自 LangChain v0.3 版本发布以来，我们建议 LangChain 用户利用 LangGraph 持久化功能，将 memory 集成到新的 LangChain 应用程序中。

如果你的代码已经依赖于 RunnableWithMessageHistory 或 BaseChatMessageHistory，你不需要进行任何更改。我们不打算在近期弃用此功能，因为它适用于简单的聊天应用程序，并且任何使用 RunnableWithMessageHistory 的代码都将继续按预期工作。

请参阅如何迁移到LangGraph记忆了解更多详细信息。

在许多问答（Q&A）应用中，我们希望允许用户进行来回对话，这意味着应用程序需要某种形式的对过去问题和答案的“记忆”，以及将这些信息纳入当前思考的逻辑。

在本指南中，我们重点介绍添加整合历史消息的逻辑。

这主要是对话式 RAG 教程的精简版。

我们将介绍两种方法

链 (Chains)，我们总是执行一个检索步骤；
代理 (Agents)，我们赋予 LLM 自由裁量权，决定是否以及如何执行检索步骤（或多个步骤）。

对于外部知识源，我们将使用与 RAG 教程中 Lilian Weng 的《LLM 驱动的自主代理》博客文章相同的内容。

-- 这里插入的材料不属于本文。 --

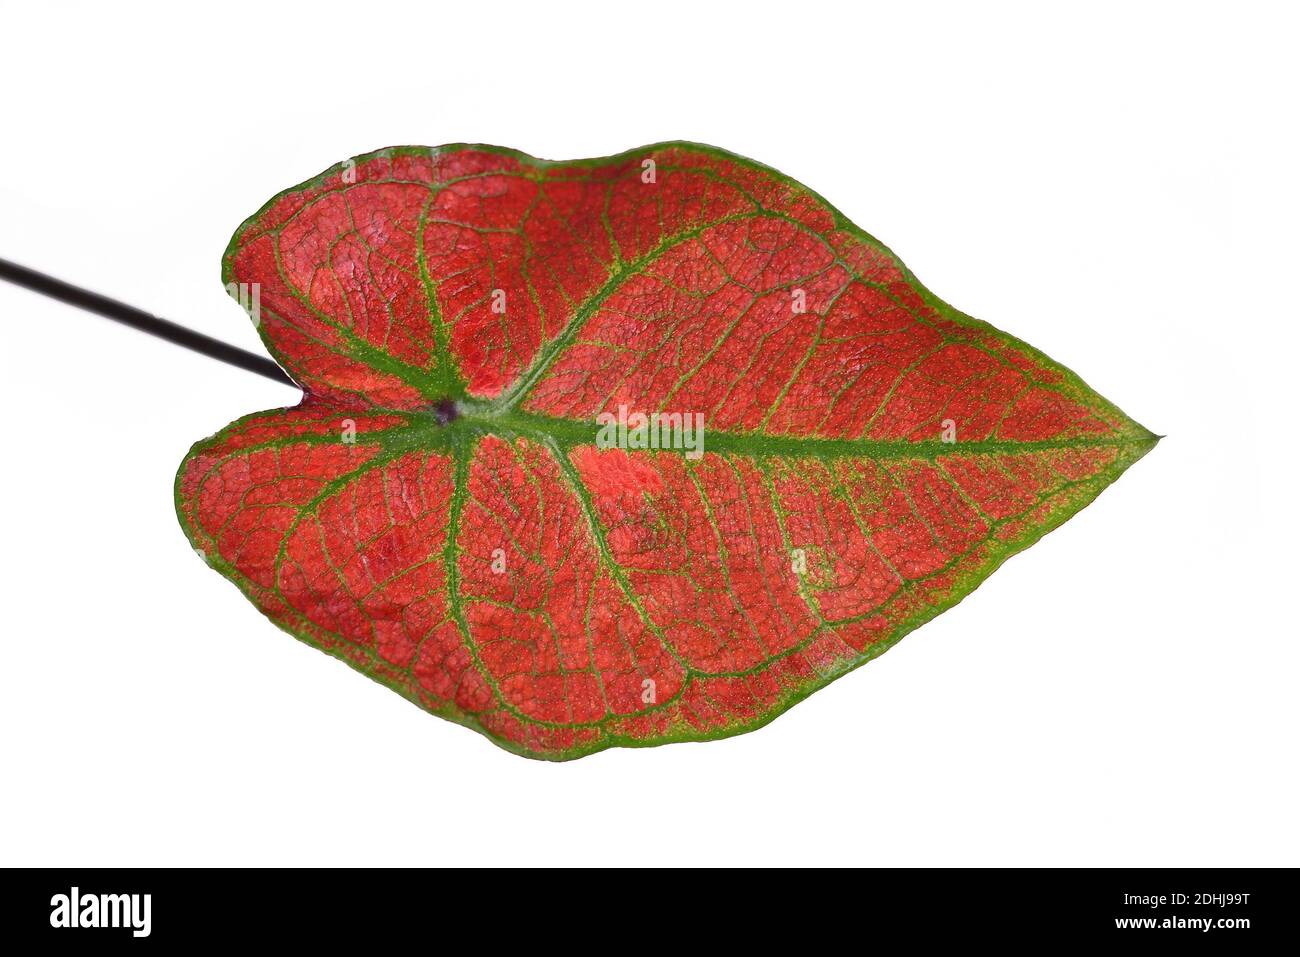 Nahaufnahme des Blattes der exotischen 'Caladium Thai Danasty' Zimmerpflanze Mit roten Blättern und grünen Adern isoliert auf weißem Hintergrund Stockfoto

这两种方法都利用 LangGraph 作为编排框架。LangGraph 实现了一个内置的持久化层，使其成为支持多轮对话的聊天应用程序的理想选择。

设置

依赖项

在本演练中，我们将使用 OpenAI 嵌入和内存向量存储，但此处显示的所有内容都适用于任何嵌入模型 (Embeddings)、向量存储 (VectorStore) 或检索器 (Retriever)。

我们将使用以下包

%%capture --no-stderr
%pip install --upgrade --quiet langgraph langchain-community beautifulsoup4

LangSmith

你使用 LangChain 构建的许多应用程序将包含多个步骤，其中包含多次 LLM 调用。随着这些应用程序变得越来越复杂，能够检查你的链或代理内部究竟发生了什么是至关重要的。实现这一目标的最佳方法是使用 LangSmith。

请注意，LangSmith并非必需，但它会很有帮助。如果您确实想使用LangSmith，在通过上述链接注册后，请务必设置您的环境变量以开始记录跟踪信息

os.environ["LANGSMITH_TRACING"] = "true"
if not os.environ.get("LANGSMITH_API_KEY"):
    os.environ["LANGSMITH_API_KEY"] = getpass.getpass()

组件

我们需要从LangChain的集成套件中选择三个组件。

一个聊天模型

选择聊天模型

pip install -qU "langchain[google-genai]"

import getpass
import os

if not os.environ.get("GOOGLE_API_KEY"):
  os.environ["GOOGLE_API_KEY"] = getpass.getpass("Enter API key for Google Gemini: ")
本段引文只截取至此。